Images were captured using a Nikon Coolpix E4500 digital camera attached to a Nikon Eclipse E800 microscope.

Quantification and analysis

Immunopositive cells for all sections were counted manually using a Leica DMR microscope in laminae I–II of the spinal cord and all laminae in cingulate area 1 (Cg1) of the rACC, defined by Paxinos and Watson in the Rat Brain Atlas [22] (Bregma 3.7 mm to 0.2 mm of the brain), with experimenter blind to treatment. Brain sections were assigned to one of the following coordinates (Bregma 3.7, 3.2, 2.7, 2.2, 1.7, 1.2, 0.7, 0.5 or 0.2) according to the plates described in the fourth edition of the Atlas of Paxinos and Watson. Sections were then divided into three areas (3.7–2.7 mm; 2.2–1.2 mm and 0.7–0.2 mm) and the four sections with the maximum response averaged per area. There were no significant differences between the ipsilateral and contralateral regions in Cg1 and therefore counts from both areas were combined. For spinal cord sections, the five sections within L4–L5 with the maximum response were used per animal and the average taken for the ipsilateral dorsal horn.

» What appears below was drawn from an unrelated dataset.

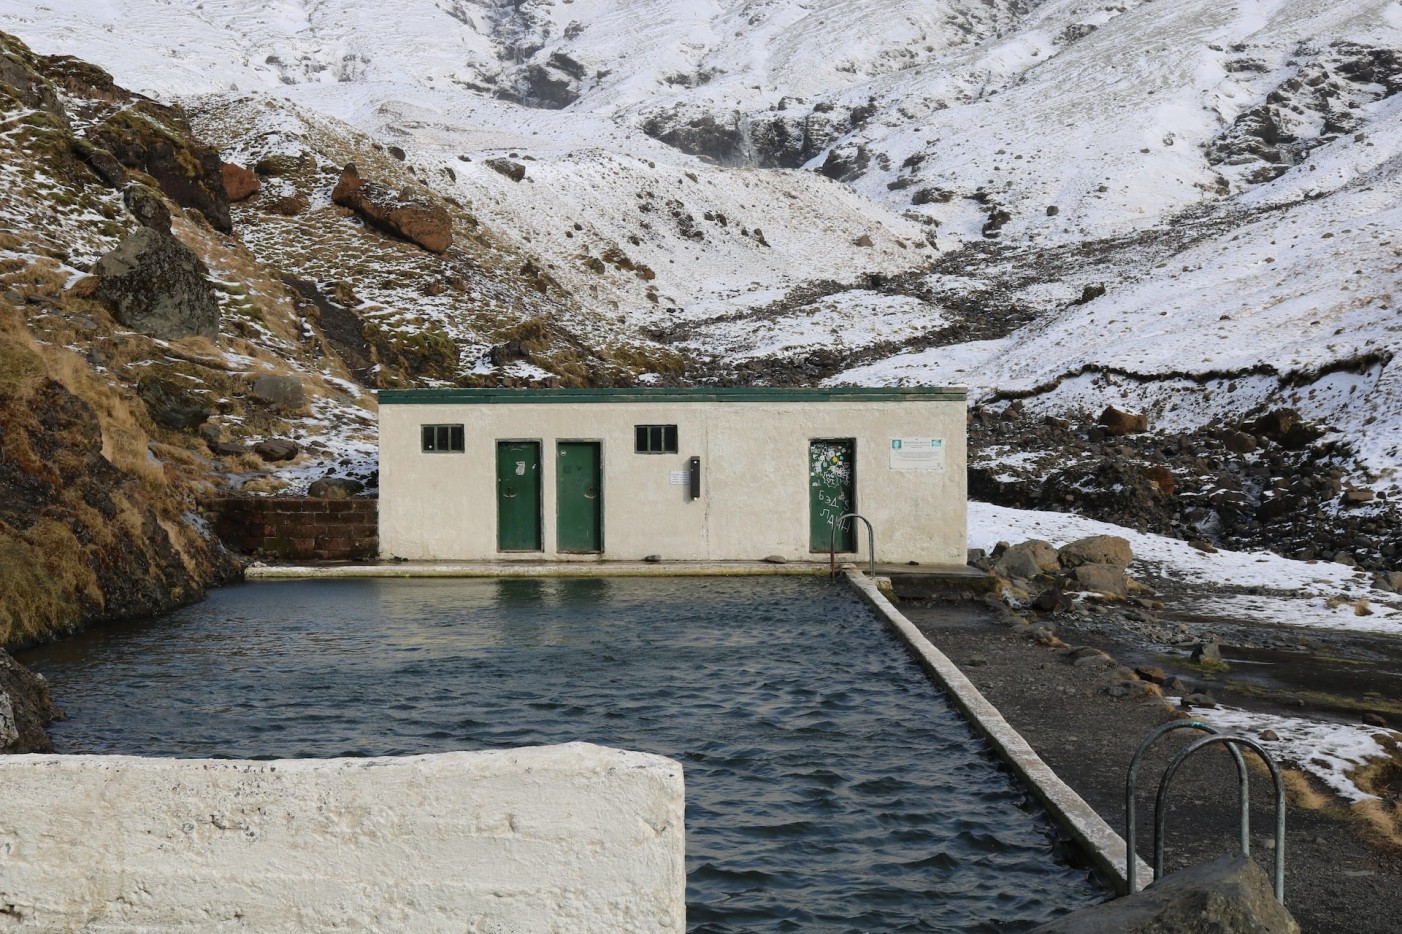 Seljavallalaug Izland termálvizes úszómedence

All treatment group values were calculated as mean ± the standard error of each group mean (SEM). Statistical analyses were performed using IBM SPSS PC+ (Chicago IL, USA) or Microsoft Excel (Redmond WA, USA). Analyses were performed using 2-way analysis of variance (ANOVA) followed by relevant post hoc analysis. Data was checked for normal distribution using the Shapiro–Wilk analysis, and homogeneity of variance using Levene’s test prior to performing parametric analyses.